One significant reason for this disparity is that the capacity of manufacturing facilities has not kept up with rapidly growing demand.

A related and equally dangerous challenge is raised by "gray market" drug companies that are taking advantage of the national drug shortage to charge exorbitant prices for drugs used to treat cancer and other life-threatening conditions.

The House is scheduled to take up legislation to address the entire pharmaceutical supply chain. Although it includes one provision to address these gray market actors, much more needs to be done.

This is why I have introduced legislation that would sharply limit the ability of profiteers to exploit drug shortages. The Gray Market Drug Reform and Transparency Act of 2013 (H.R. 1958) would address weaknesses in the drug supply chain, deter price gouging, and improve drug safety and efficacy.

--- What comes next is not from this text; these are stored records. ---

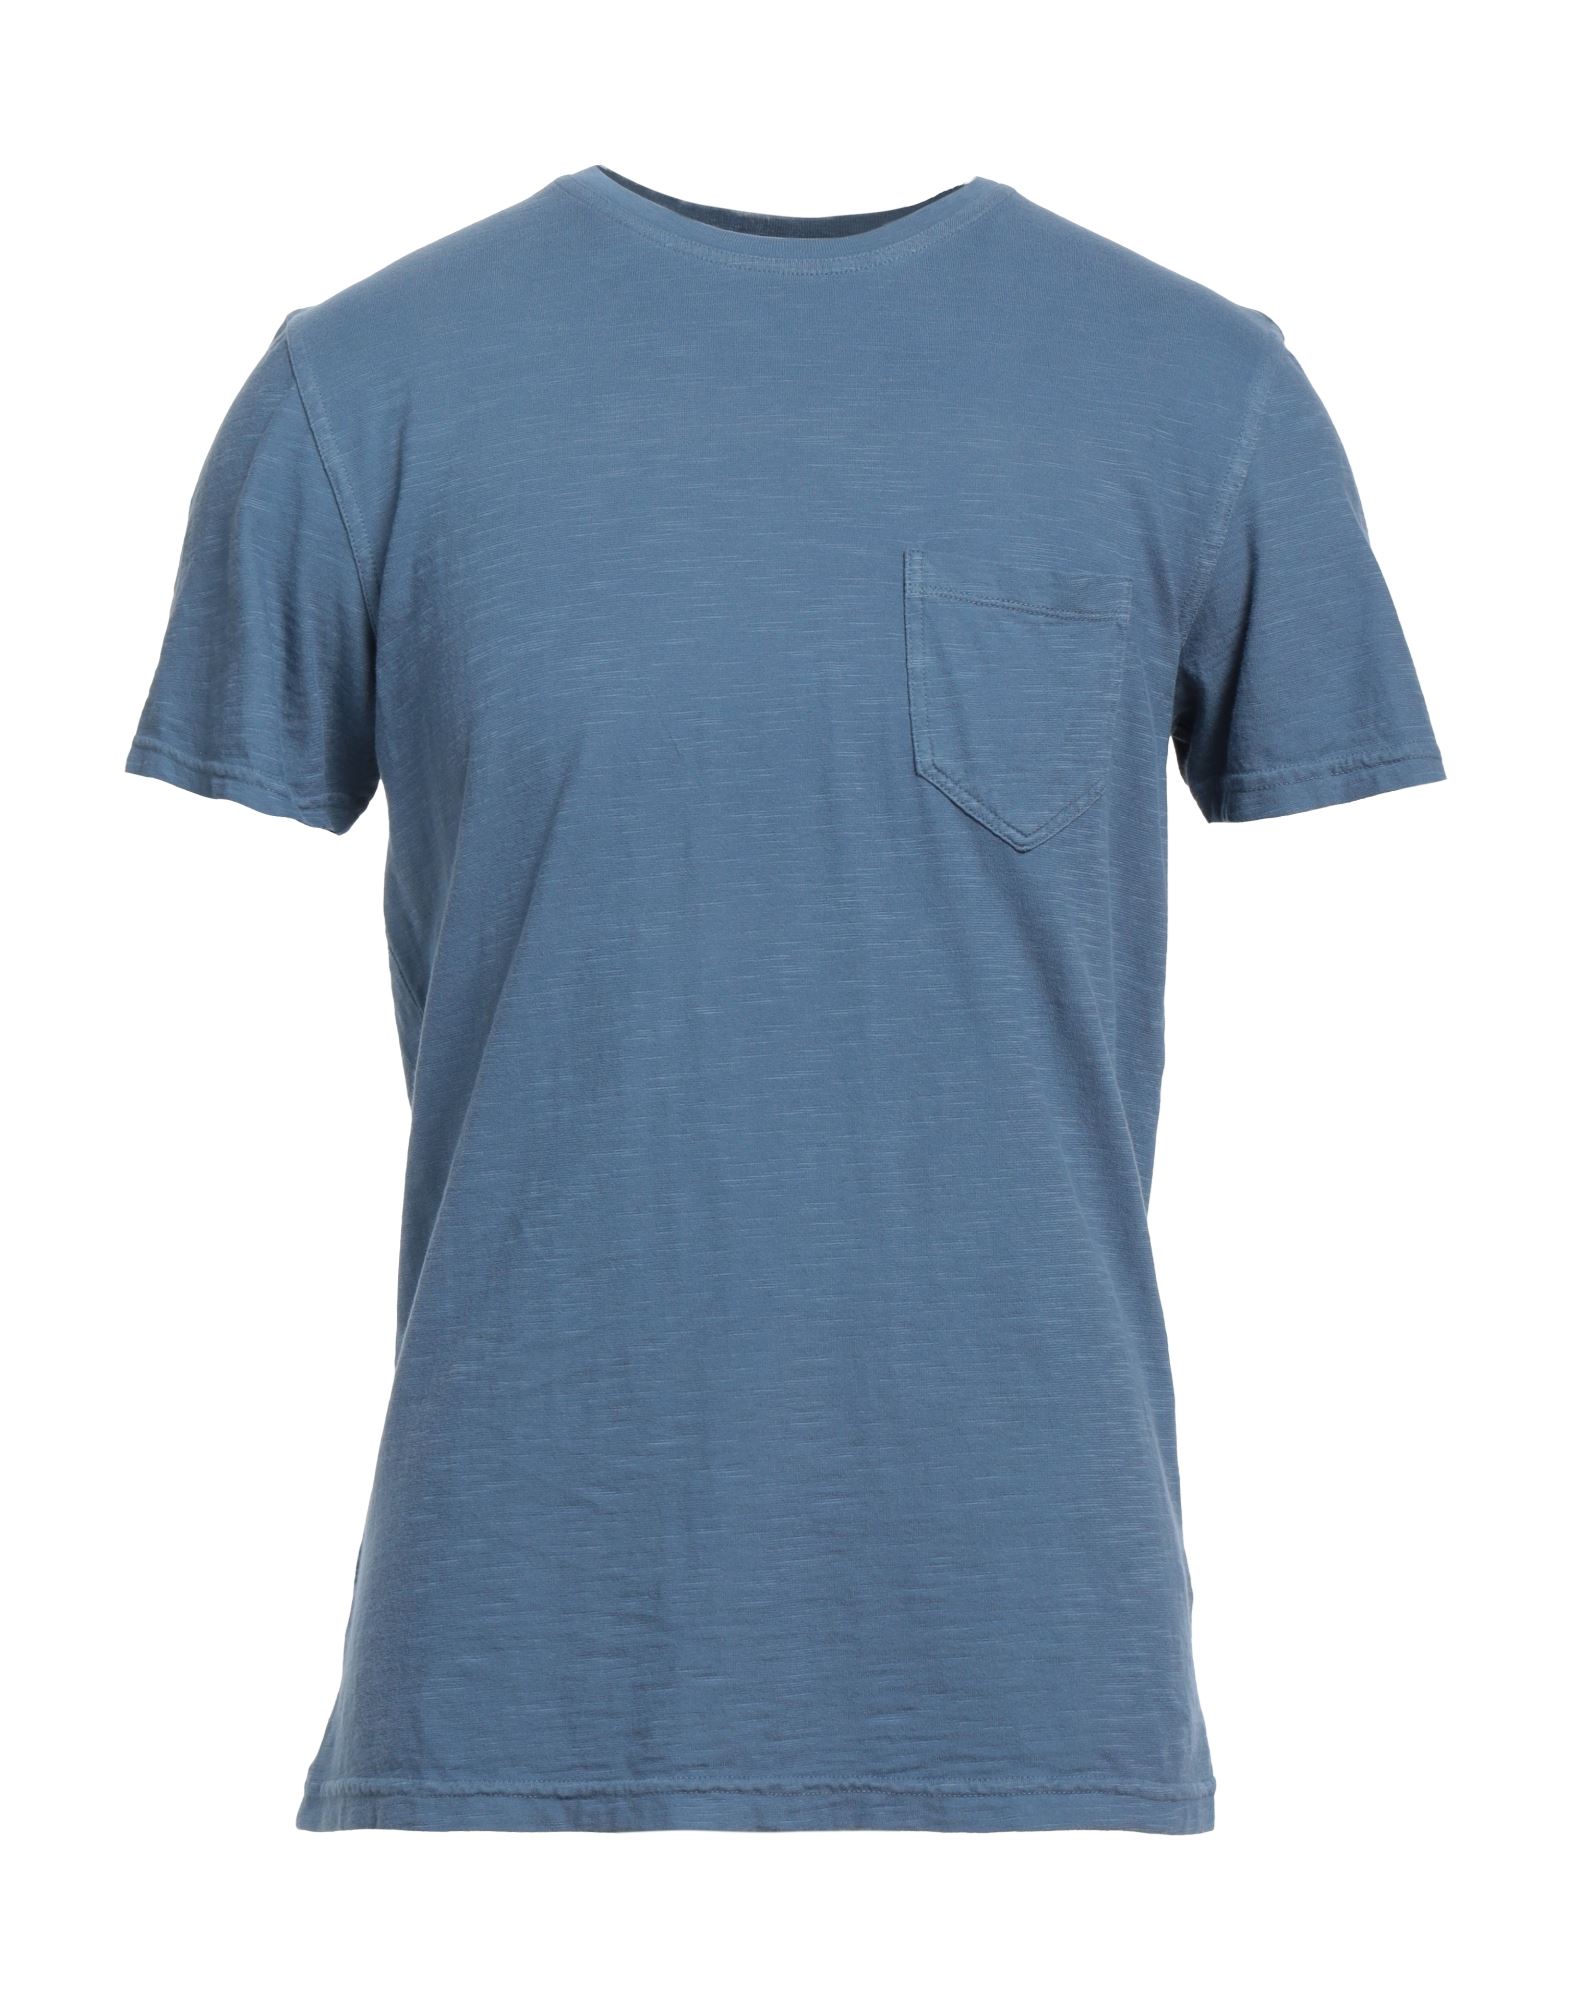 Bl'ker Man T-shirt Pastel Blue Size L Cotton
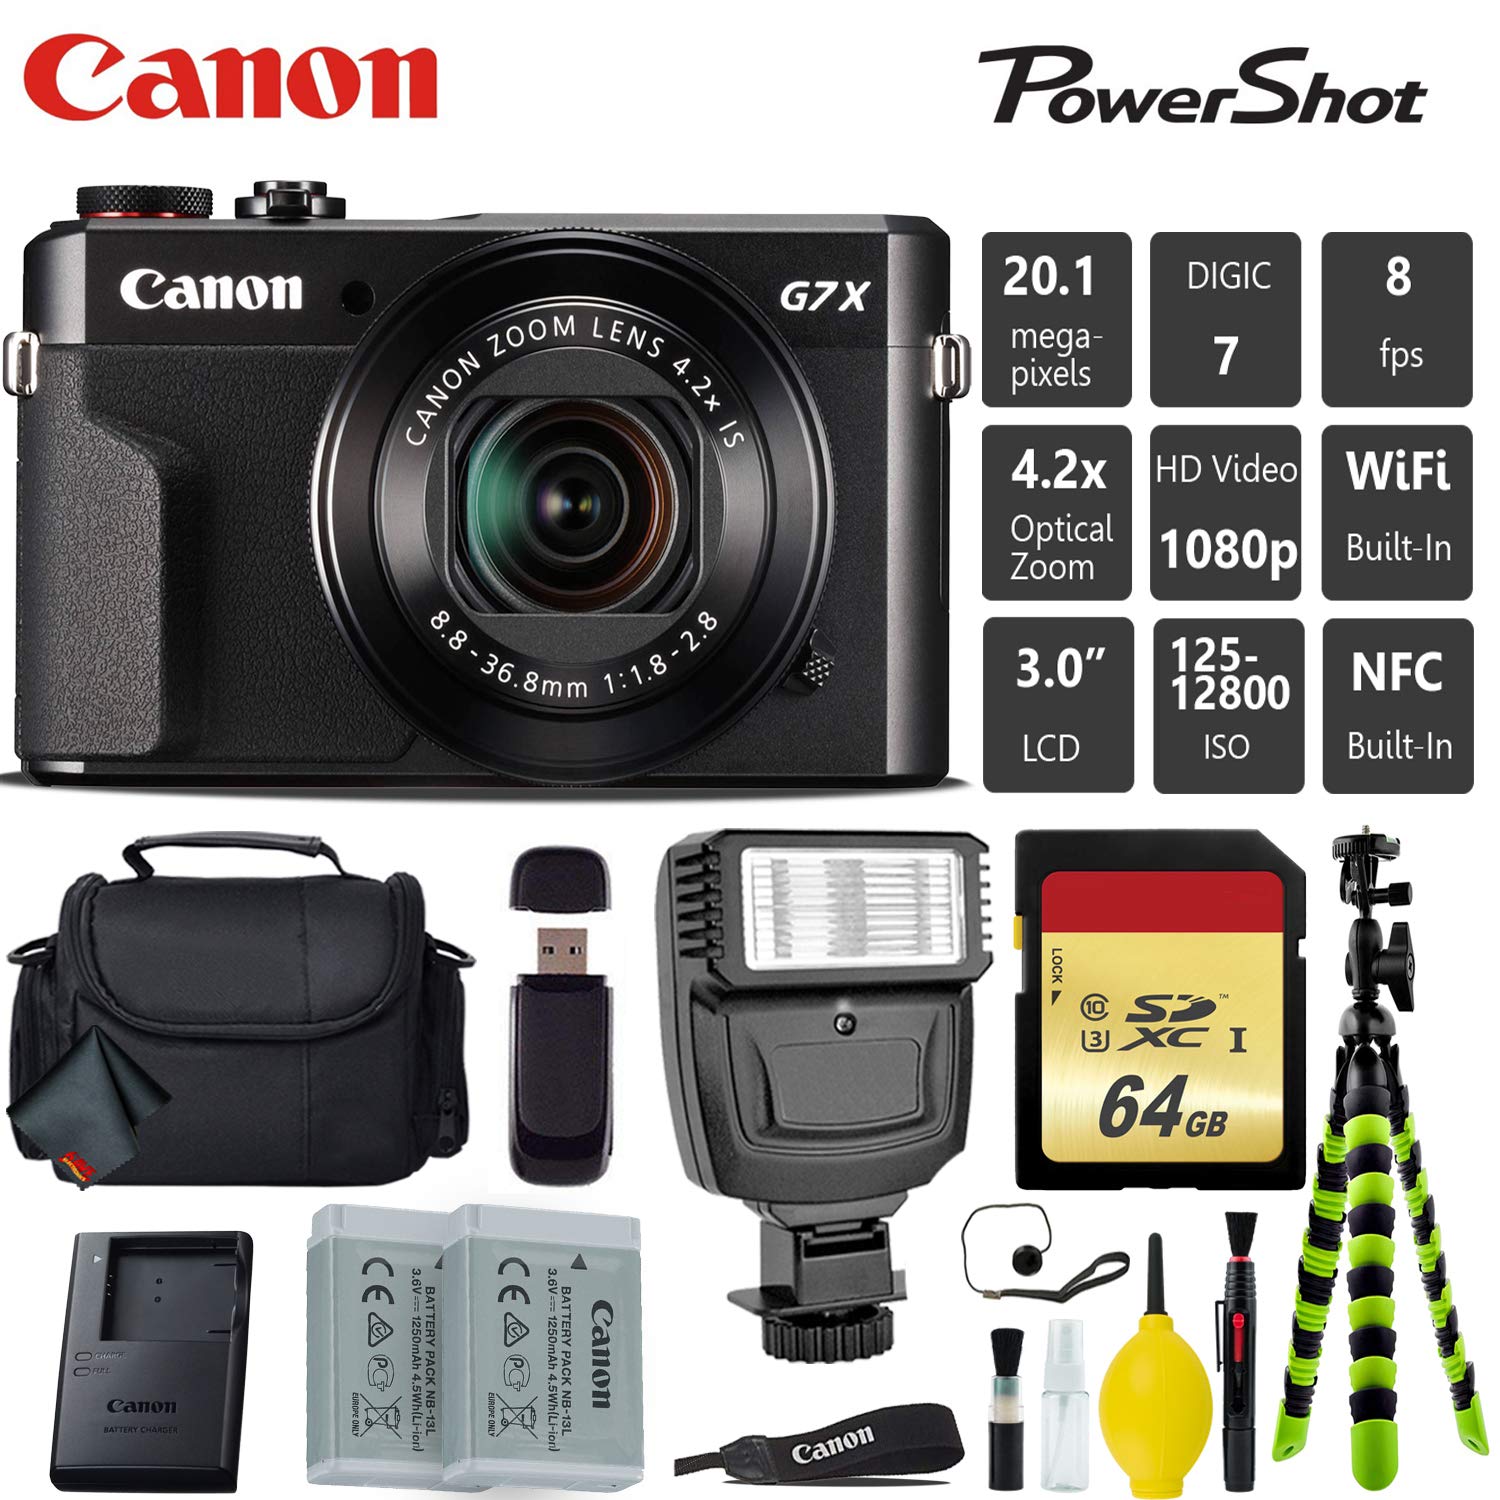 Canon PowerShot G7 X Mark II Point and Shoot Digital Camera + Extra Battery + Digital Flash + Camera Case + 64GB Class 1 Card Bundle
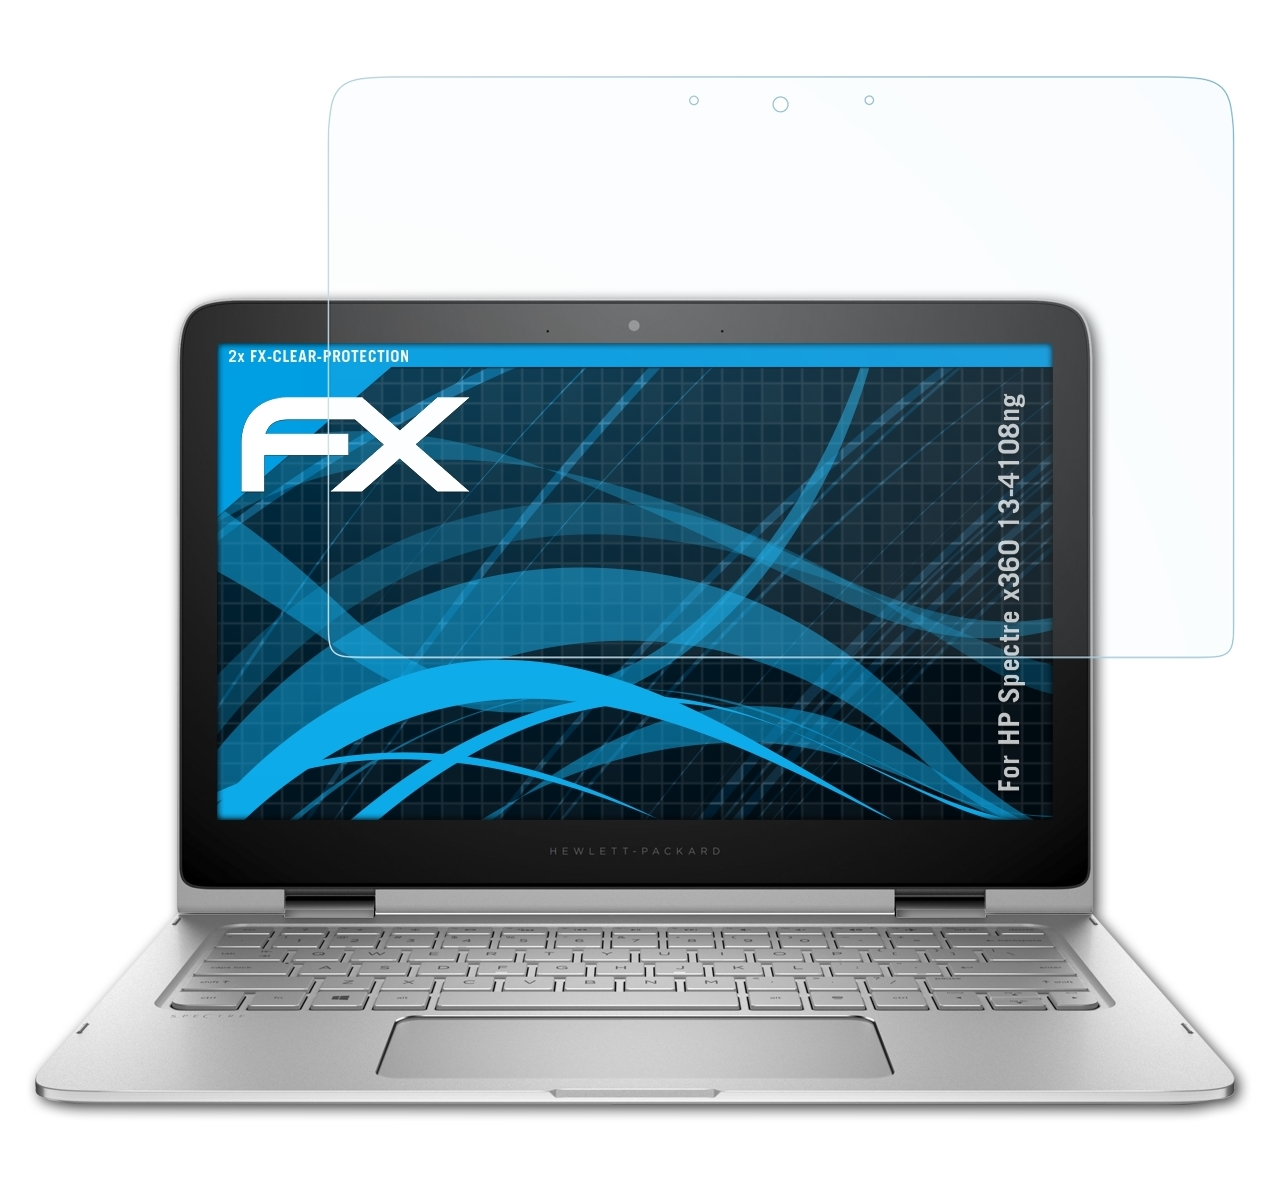 ATFOLIX 2x HP Displayschutz(für Spectre x360 FX-Clear 13-4108ng)

It would prohibit wholesalers from purchasing drugs from pharmacies, a practice that has been abused by unscrupulous wholesalers to obtain access to shortage drugs, charge excessive markups, and divert drugs away from patients who need them.

It also would strengthen oversight and transparency by creating a national, publicly available database of information on distributors that includes information on their licensing status and disciplinary actions.

Nobody should be allowed to profiteer at the expense of children and adults with cancer or other critical illnesses by jacking up the price of drugs that are in critically short supply.

If we are to overcome this challenge in a permanent, long-term way, there are many issues that must be resolved in practical and bipartisan ways.

I am hopeful that my colleagues in both parties will agree.

The public's safety, not ideology, should govern when the availability of essential medicines is threatened. A responsible government must take action when human life is at stake.